Большой город обрушился на заезжего парня звоном и гамом, неразберихой машин, трамваев, ослепил каскадами ночных неоновых огней. В первые дни Федор вообще чувствовал себя так, будто на него рухнула горка с чайной посудой, звонко брызнула по асфальту битым стеклом.
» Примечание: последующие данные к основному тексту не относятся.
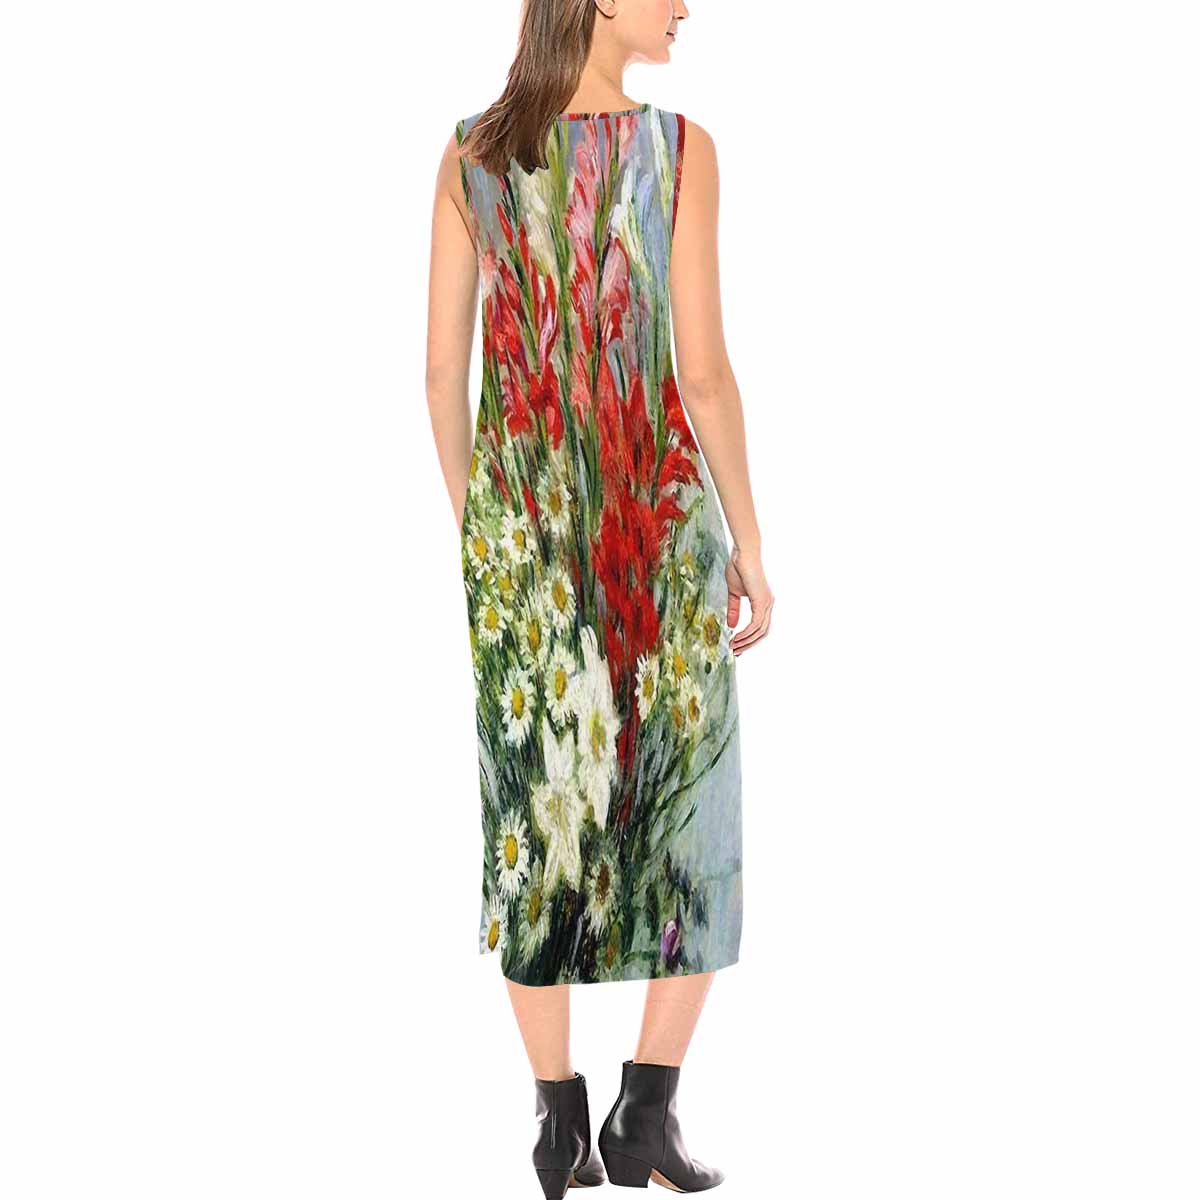 Vintage floral long dress, model D09538 Design 43

Парни в общежитии попались какие-то заполошные. По ночам с треском забивали козла, без конца все что-то «соображали» то насчёт денег, то насчёт девок, а изъяснялись так, будто не знали ни одного обиходного слова, которыми разговаривают люди в станице. С утра и до полуночи гремело со всех сторон:

— Пор-рядок!

— Законно!

— Го-ди-и-тся!

— Да куда оно денется!

И в довершение — неприкрытый восторг:

— Ну ты и даёшь!

Федор взялся за техникум с охотой, в зачётной книжке у него был действительно порядок. Но учёба стала главным делом в жизни и оттеснила на второй план дневную работу, на производстве он не руководил, а скорее болтался. Там каждый кричал своё, все ругались и спорили, теснили его. Вмешиваться было не то что опасно — трусом Федор вроде бы не был, — а как-то бесполезно и не нужно. И снова ускользнуло ощущение нынешнего дня, снова сосредоточилось внимание на будущем. Тем более что все люди вокруг были ужасно умные…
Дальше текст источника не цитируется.